Transcribe every line from the one containing "Norpro Giant Muffin" to the end of the listing, exactly as written, and leave out the pictures.

═════ DATA BLOCK ═════

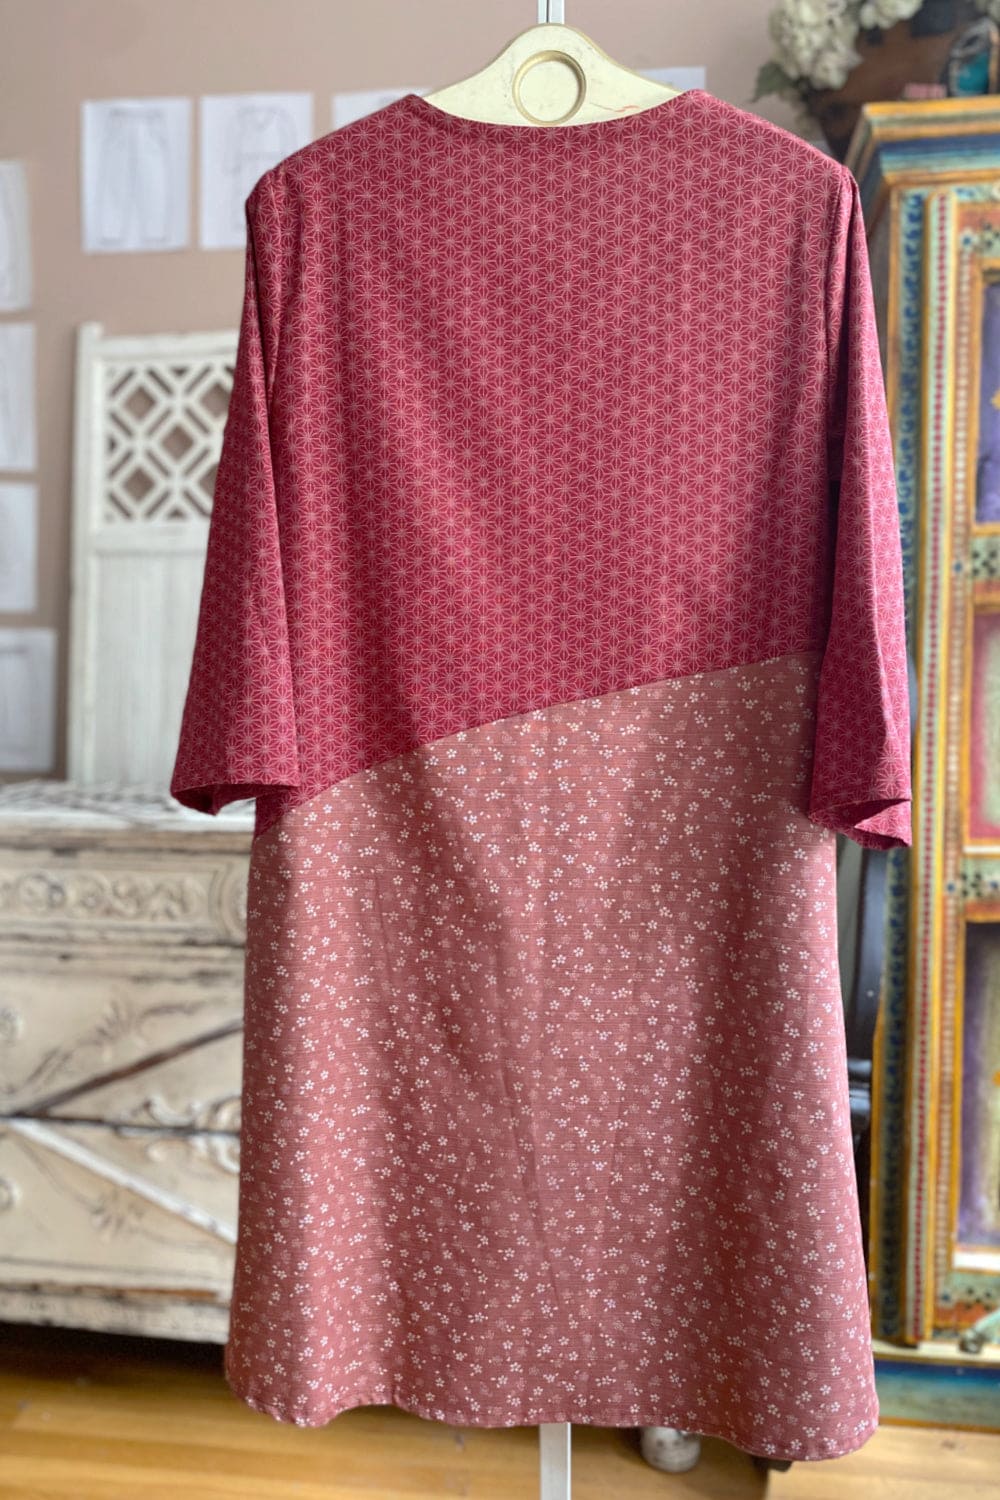 Back view of soft rose colored tunic dress.
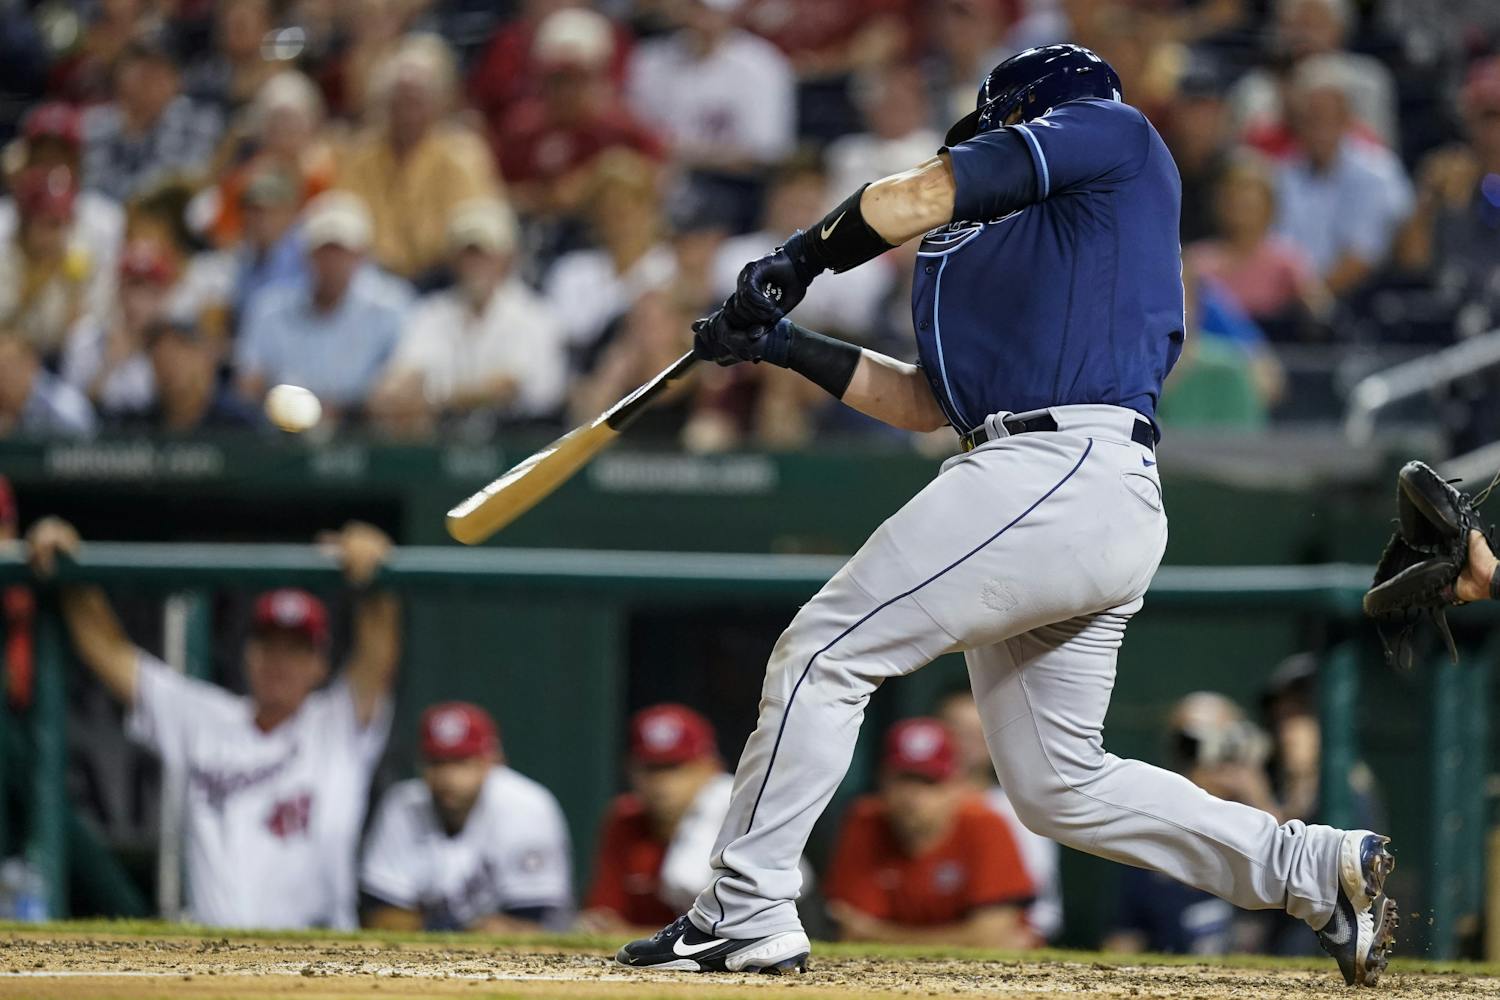 Tampa Bay Rays' Mike Zunino hits a solo home run during the ninth inning of a baseball game against the Washington Nationals at Nationals Park, Tuesday, June 29, 2021, in Washington. (AP Photo/Alex Brandon)
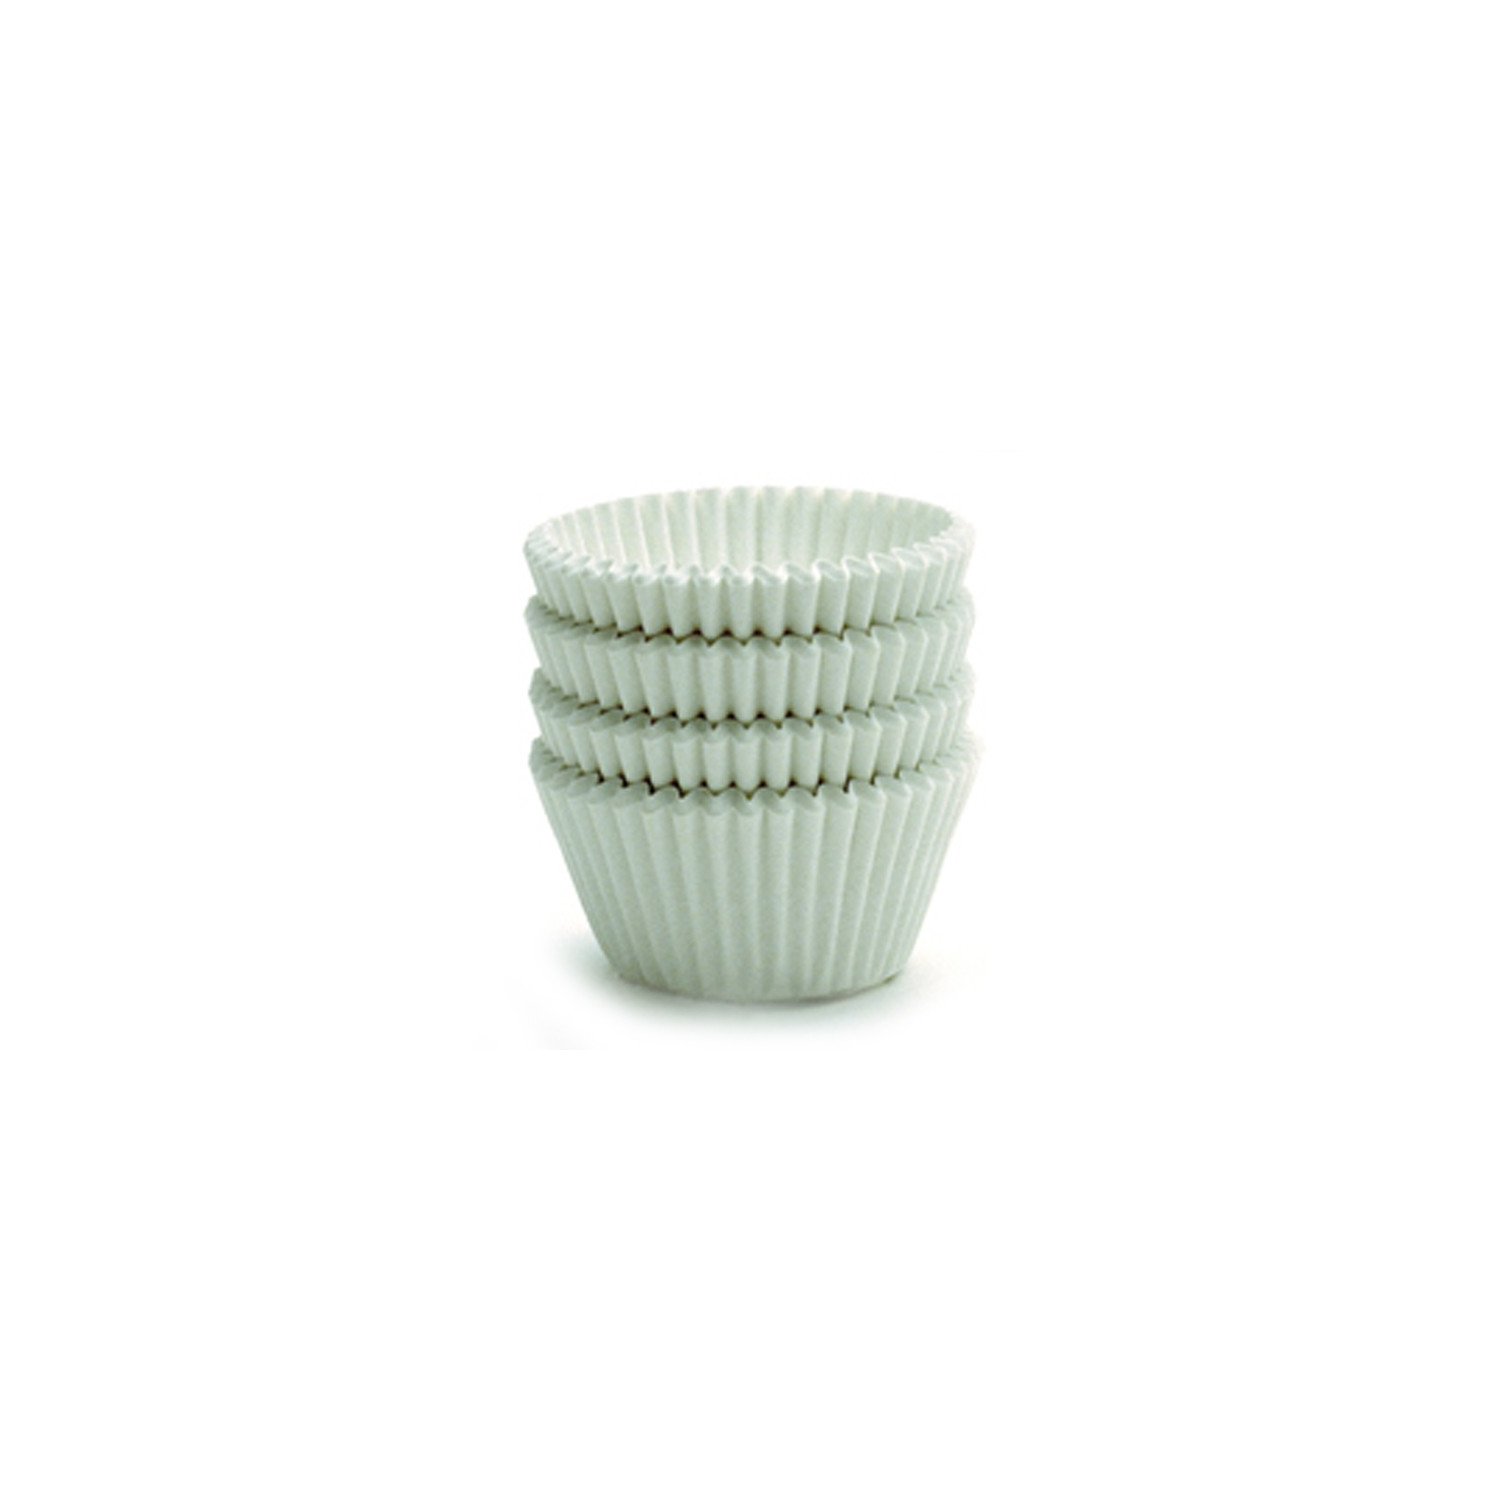 Norpro Giant Muffin Cups, White, Pack of 500, 2.75 x 2 inches (3600B)
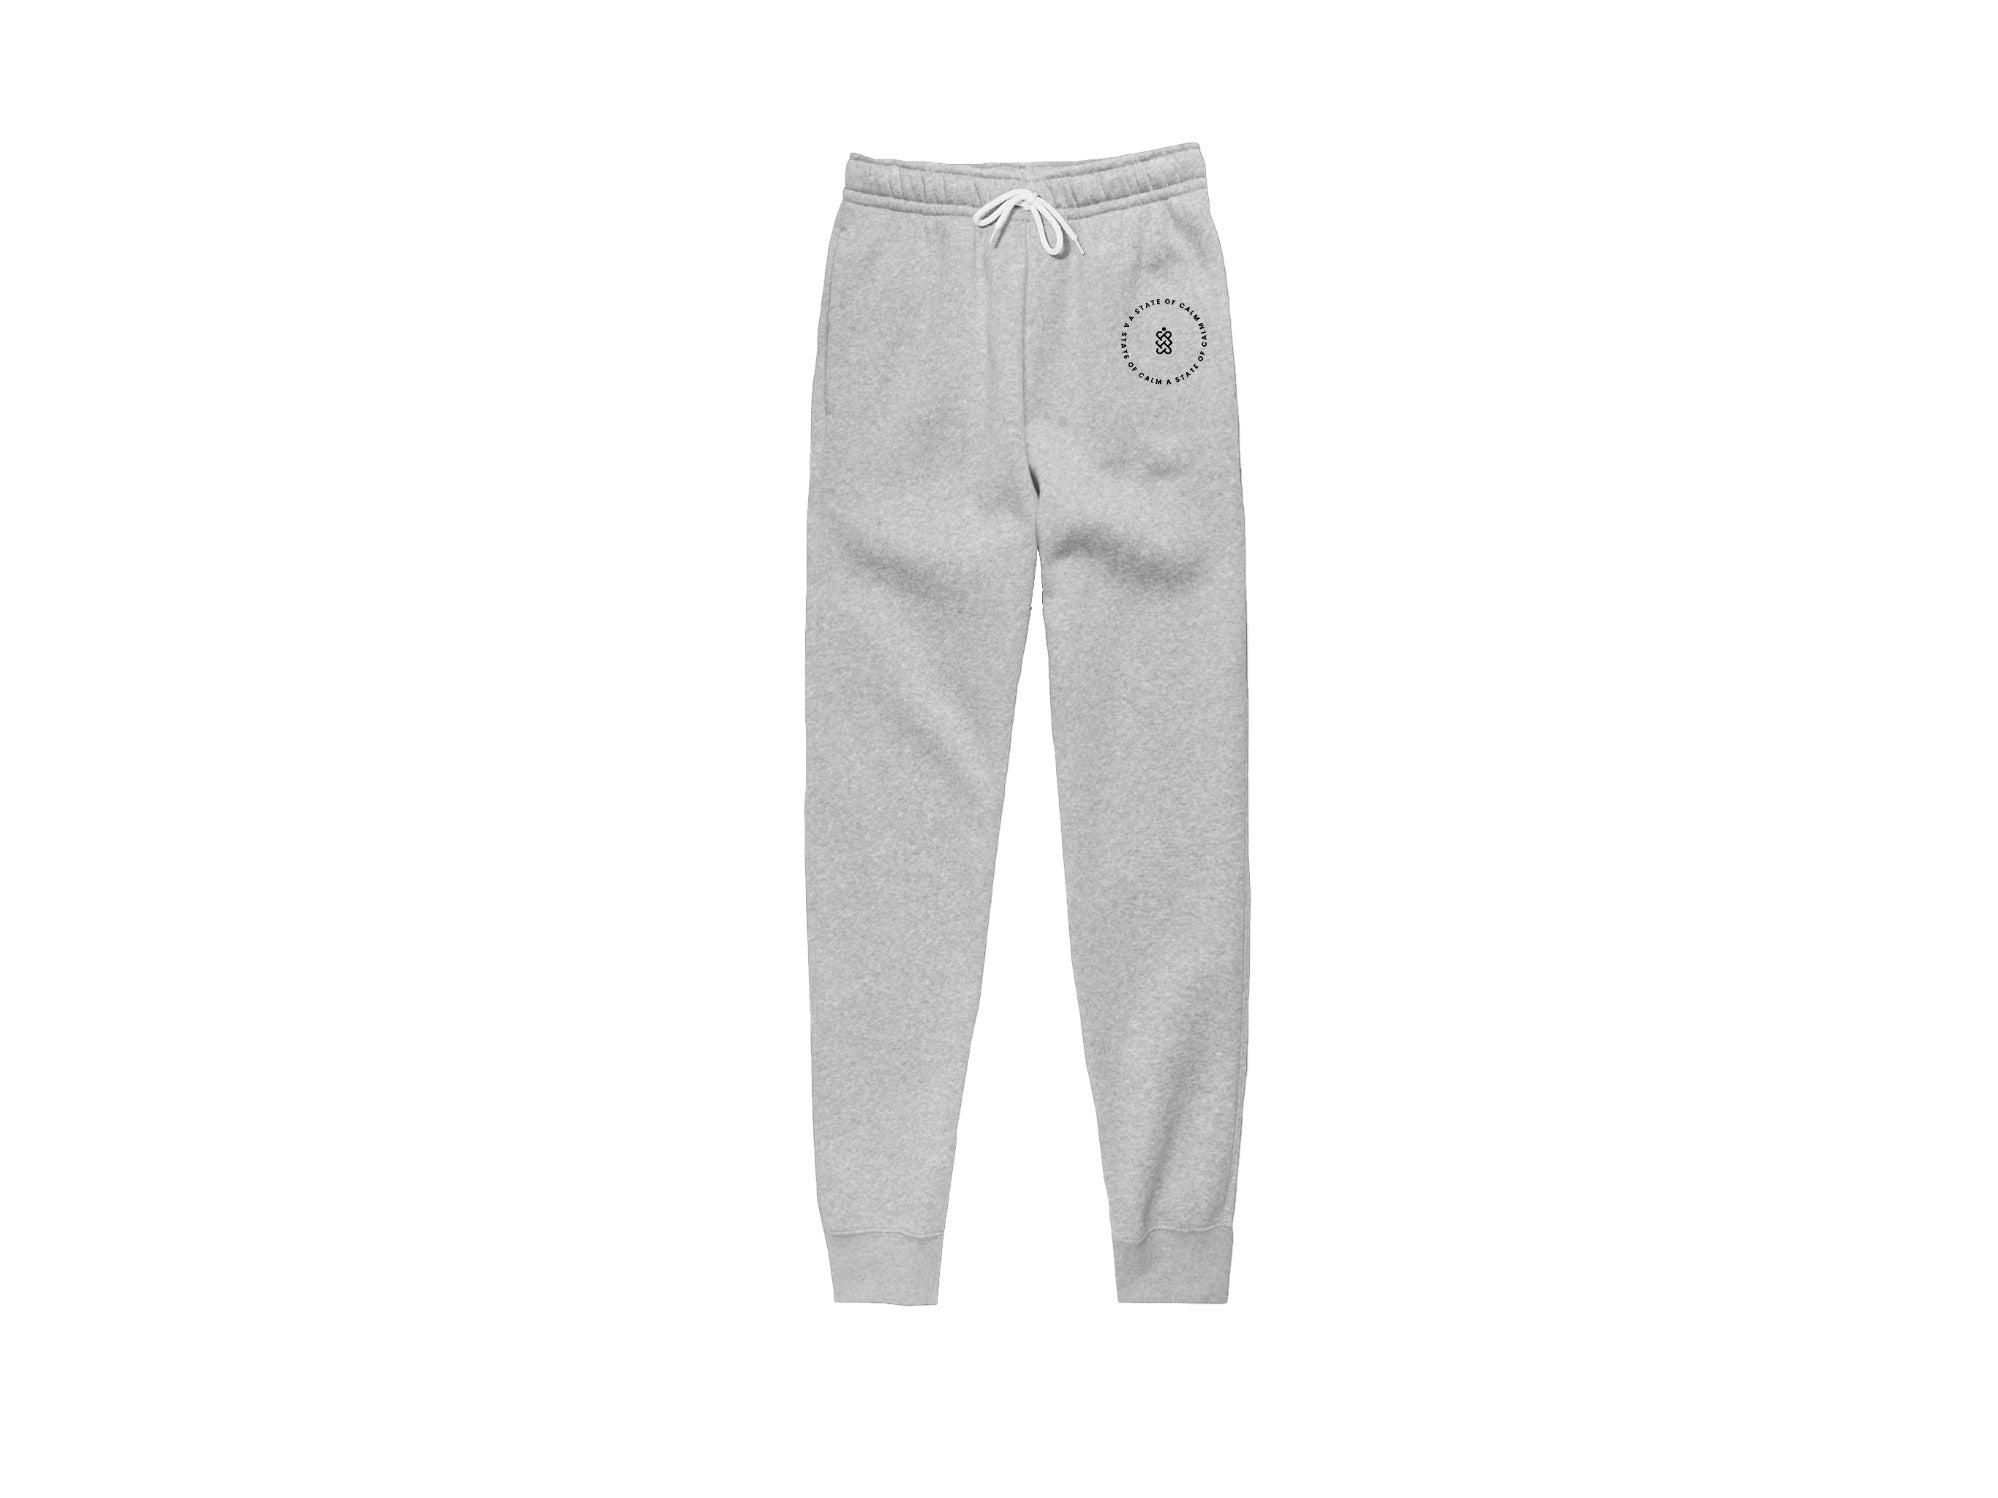 
  
  BLACK STATE OF CALM COZY JOGGER BOTTOMS Unisex

═════

**ANSWER SPACE**:
 Norpro Giant Muffin Cups, White, Pack of 500, 2.75 x 2 inches (3600B)
  
  BLACK STATE OF CALM COZY JOGGER BOTTOMS Unisex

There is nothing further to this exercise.